Наконец, из ворот показалось шествие. Возглавлял его сотник на коне в сопровождении примерно двадцати солдат. За ними я увидел Учителя. Он уже был в своей одежде, грязной и окровавленной, которая теперь выглядела, как нищенские лохмотья. Балка креста придавила Ему плечи; из–под нее виднелась неподвижная голова в терновом венке. Он ступал неверной, покачивающейся походкой; если бы Его не держали за веревки у пояса, то казалось, Он может сойти с дороги и слепо ступить прямо в толпу. За Ним, также согнувшись под крестами, шли двое из шайки Вараввы; их ждала смерть, которой миновал их предводитель. Шествие замыкала остальная часть центурии. Толпа расступилась, но при виде окровавленной спотыкающейся фигуры, она вновь издала исступленное рычание. Для этого сброда Он был сейчас только тем, кого хотел спасти римлянин и кого удалось вырвать из его рук. Кулаки вздымались вверх. В Учителя полетели камни и огрызки. Солдатам пришлось выстроить боковые кордоны, чтобы оградить Узника от ударов. Пилат, не отходя от окна, с презрением смотрел на удаляющийся конвой. Вдруг под самые ворота, почти на порог крепости вбежал Каиафа. Он задыхался от ярости: борода, цепь, плащ и широкие рукава — все это летало вокруг него, как стая птиц. Размахивая руками, он вопил:
— Что ты сделал? Зачем ты это написал? Что? Что? Это невозможно!
Я догадался, в чем дело. Один из солдат, идущий рядом с Учителем, нес под мышкой табличку, на которой Пилат приказал написать на трех языках вину Осужденного: «Иисус из Назарета, царь Иудейский».
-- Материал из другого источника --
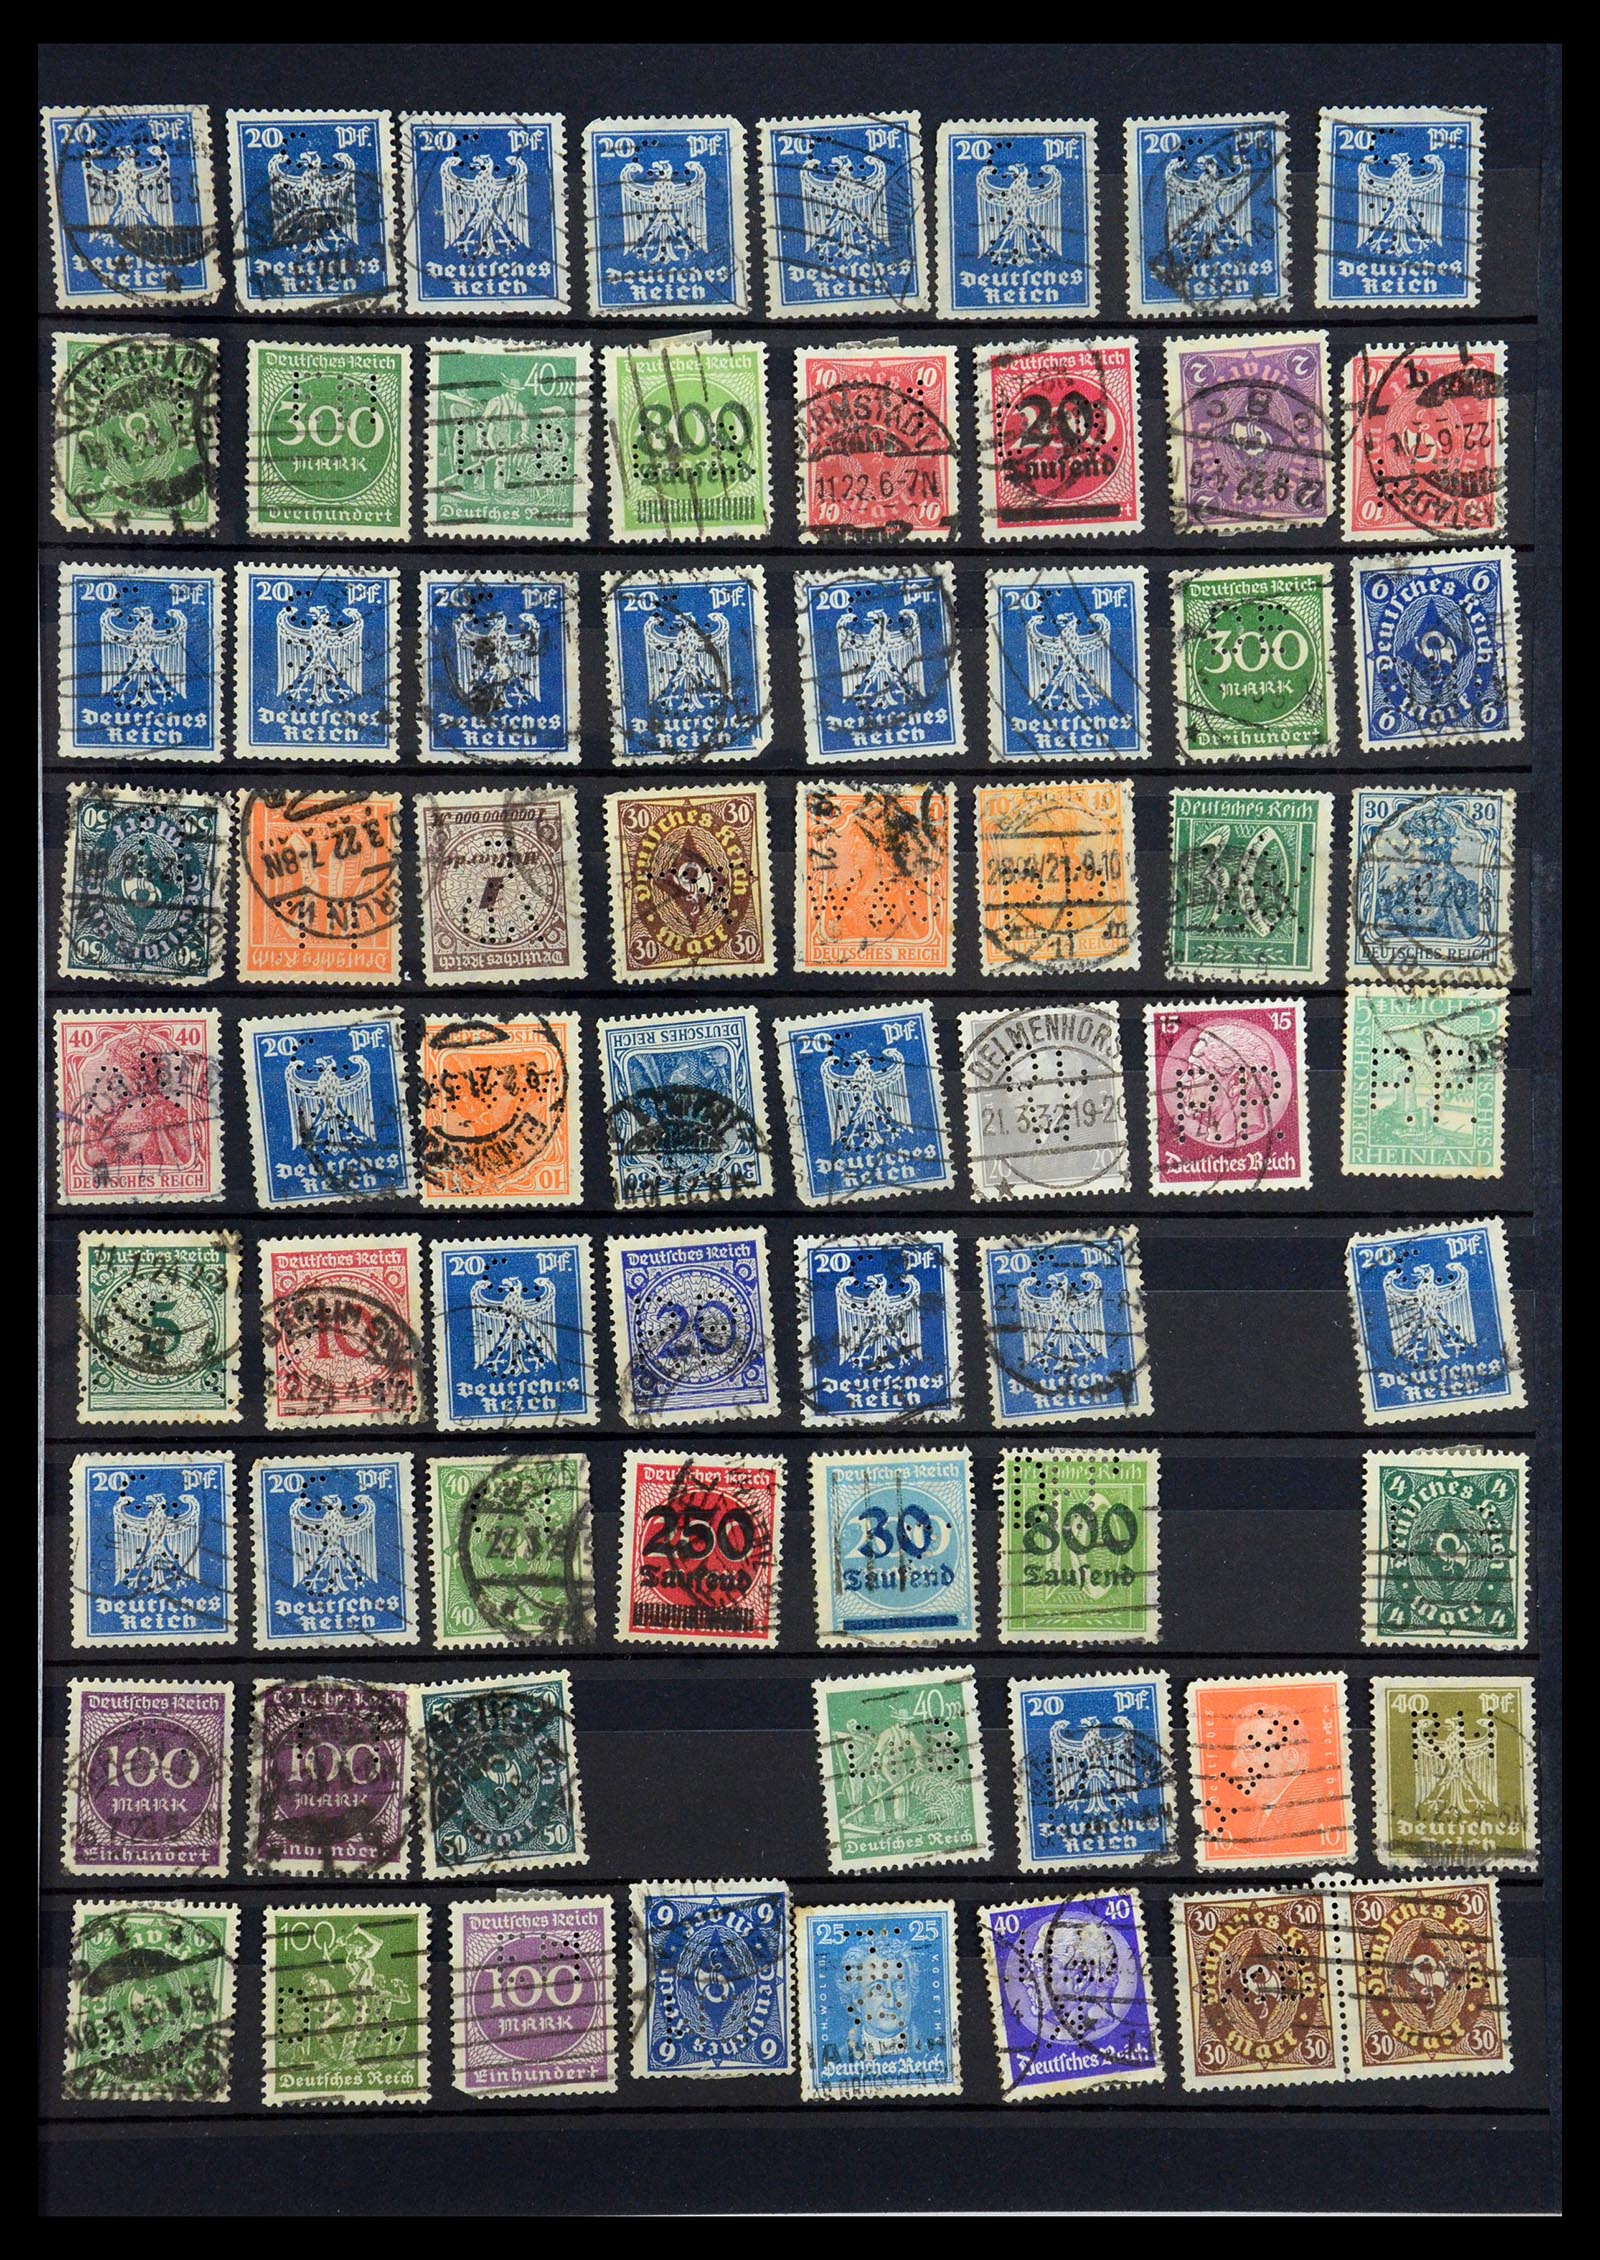 35183 043 - Stamp Collection 35183 German Reich perfins 1880-1945.

— Зачем ты велел это написать?! Золото забрал! — заходился Каиафа. Подоспели и другие саддукеи и фарисеи, тоже брызжущие гневом:
— Прикажи это изменить! Напиши: «Обманщик, лжец, обольститель, Который хотел называться Царем…»
Пилат только пожал плечами, как человек, который испил свое поражение и уже перестал мериться с противником. Отвернувшись от них, он бросил через плечо:
— Что написал, то и будет…
Я не видел, как Его вели. Шествие стало спускаться вниз, потом опять из впадины Тиропеона подниматься вверх к городским воротам. Крики людей, сопровождавших приговоренных, не умолкали ни на минуту. Среди тех, кто подобно мне, шел на расстоянии, тоже поднималась волна лихорадочного возбуждения. Люди то и дело бросались вперед, шумно дышали, бесцеремонно толкались, поднимались на цыпочки, чтобы над головами идущих рассмотреть то, что делалось впереди. Разговоры умолкли, народ обменивался только короткими лихорадочными фразами. Когда процессия останавливалась, все начинали дружно напирать вперед. От возбуждения у людей дрожали руки, и взгляд безумно блуждал. Я тащился в самом хвосте, окончательно сломленный. У меня не хватило смелости идти рядом с Учителем. Я оставил Его одного… Я боялся, боялся Его лица, уменьшившегося под бременем тернового венка, Его глаз, словно вдавленных в глубь черепа… Когда шествие останавливалось, то среди нарастающих криков, я различал слова, в которых звучала животная радость: «Упал! Лежит! Упал! Вставай! Вставай! Быстрее! Ну, шевелись!» Смотреть на это у меня тоже не было сил. Сколько же раз в жизни я трусил перед лицом боли! Мне все труднее становилось идти, я спотыкался… В какой–то момент я глянул на землю и увидел на каменной плитке красноватый след. Я был уверен, что это Его нога оставила этот отпечаток. Он был одной сплошной раной, с головы, пронзенной шипами, — до ног, израненных острыми камнями… На Нем не оставалось ни одного живого места… Я дрожал от мысли, что я снова Его увижу… Почему человеческое тело, могущее быть столь красивым, в то же время способно стать самым ужасающим зрелищем, какое только можно вообразить?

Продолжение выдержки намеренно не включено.